How I Designed an OpenAI-Compatible Proxy in Rust (axum) and Why I Moved to Go

Design and prototype implementation of an OpenAI/Ollama-compatible proxy in Rust (axum), the NATS + Dagster integration specification it produced, and the decision to migrate to Go when async context management became the dominant cost.

These articles use AI-generated summaries of Obsidian notes originally kept as technical memos.

English translations are produced with AI assistance.

Conclusion

To unify the entry point of a local LLM platform behind an OpenAI-compatible API, I designed and prototyped a proxy in Rust (axum). Roughly 1,600 lines of Rust delivered a working OpenAI/Ollama-compatible multi-backend proxy with SSE streaming, model-name-based backend routing, and a layered architecture.

However, the broader vision — NATS event relay, Dagster oneshot jobs, RAG orchestration, Qdrant semantic cache — remained stubbed. Managing async contexts for simultaneous SSE relay, NATS subscription, and PostgreSQL/Qdrant writes in Rust was verbose enough that the implementation cost of wiring everything together outweighed the runtime benefits. That led to the decision to migrate to Go (Gin).

What the Rust prototype accomplished was not a production system, but a locked-down design specification and type contract. The trait definitions and data structures served directly as the spec for the Go rewrite. Goroutine plus channel mapped cleanly onto the same architecture, and the Go implementation moved much faster because the design questions were already settled.

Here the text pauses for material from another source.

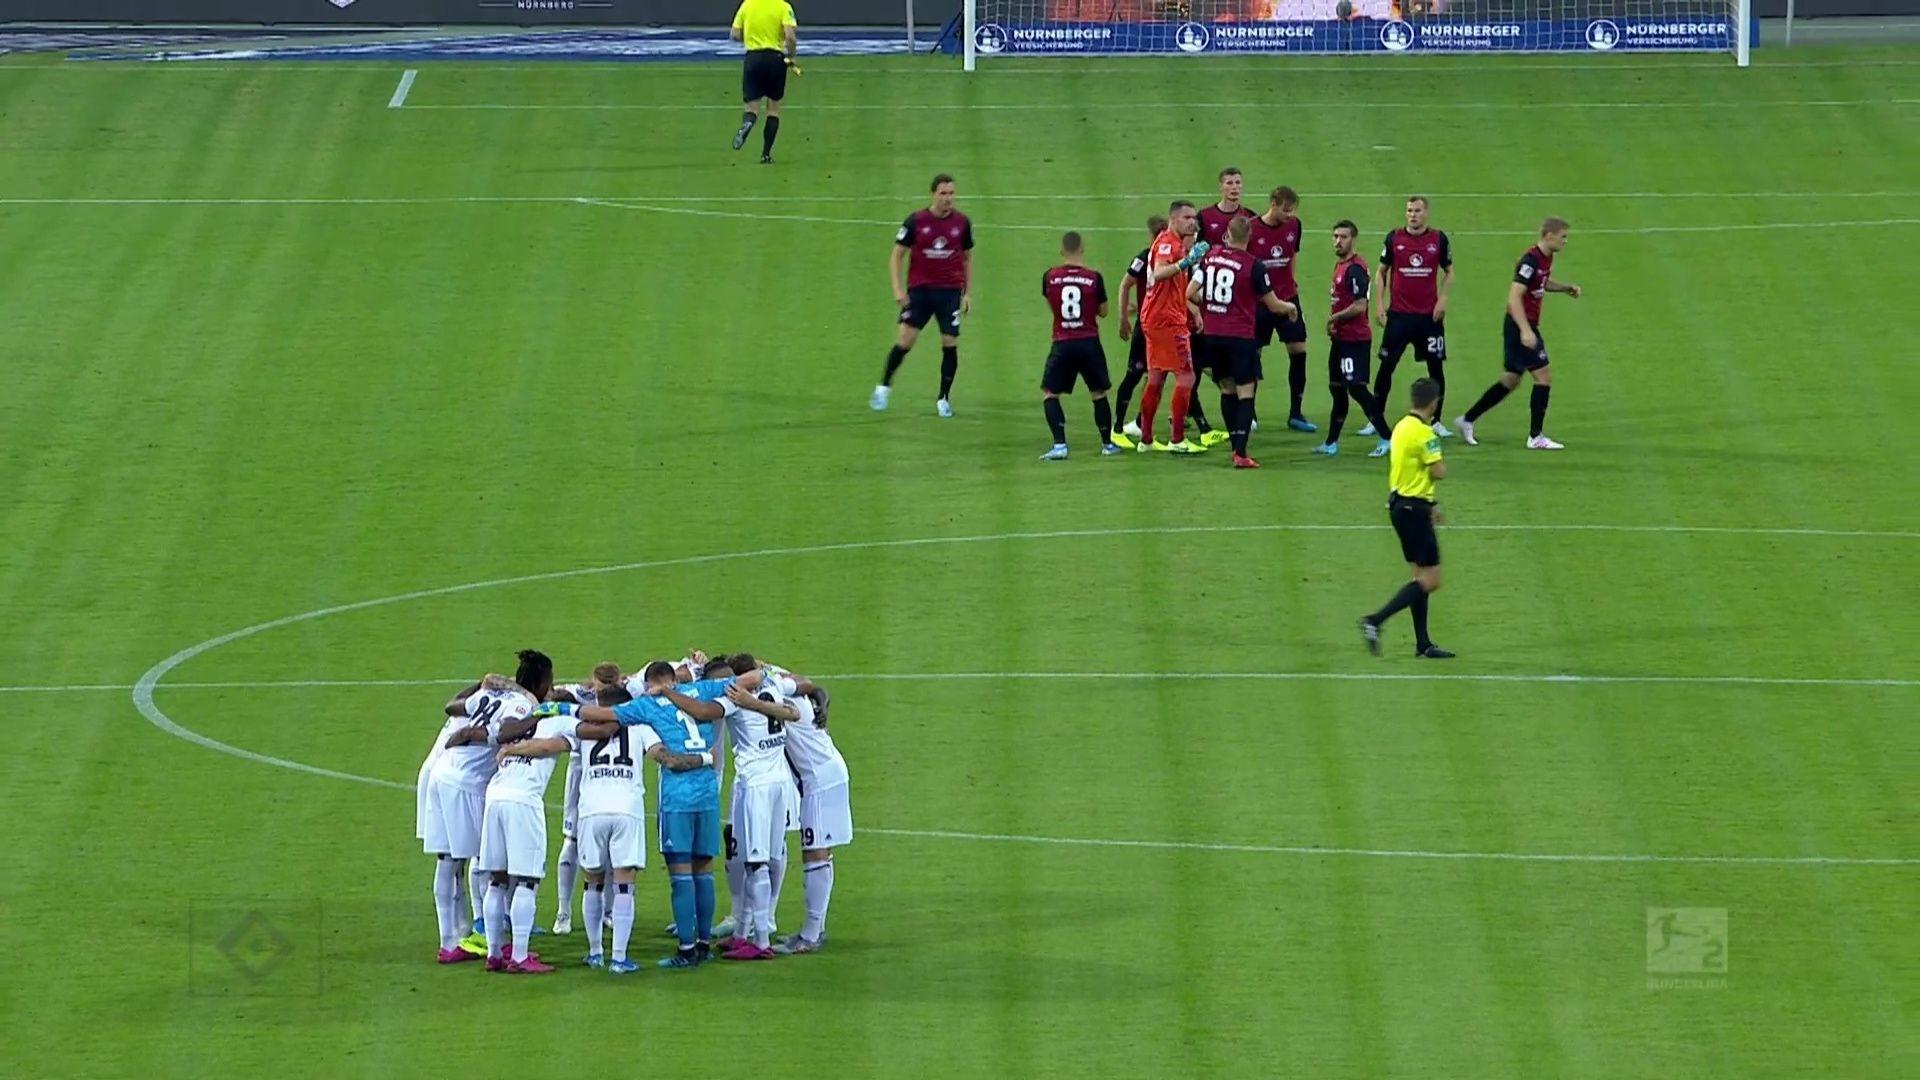 Pokalspiel Hsv Nürnberg

This article is the prequel to the full design record of the Go-based AI orchestration platform.

Prerequisites

Language: Rust 2024 edition
Framework: axum 0.8, tokio 1.48
Serialization: serde / serde_json
HTTP client: reqwest 0.12
Messaging (design only): async-nats 0.45 (stubbed)
Data stores (design only): sqlx 0.8 (PostgreSQL), qdrant-client 1.16 (stubbed)
Logging: tracing / tracing-subscriber
Containers: Docker (proxy + PostgreSQL 18 + Qdrant)
Bind address: 0.0.0.0:8080

Design Decisions

Layered Architecture

Following Clean Architecture dependency rules, the system was split into HTTP, Domain, and Infrastructure layers.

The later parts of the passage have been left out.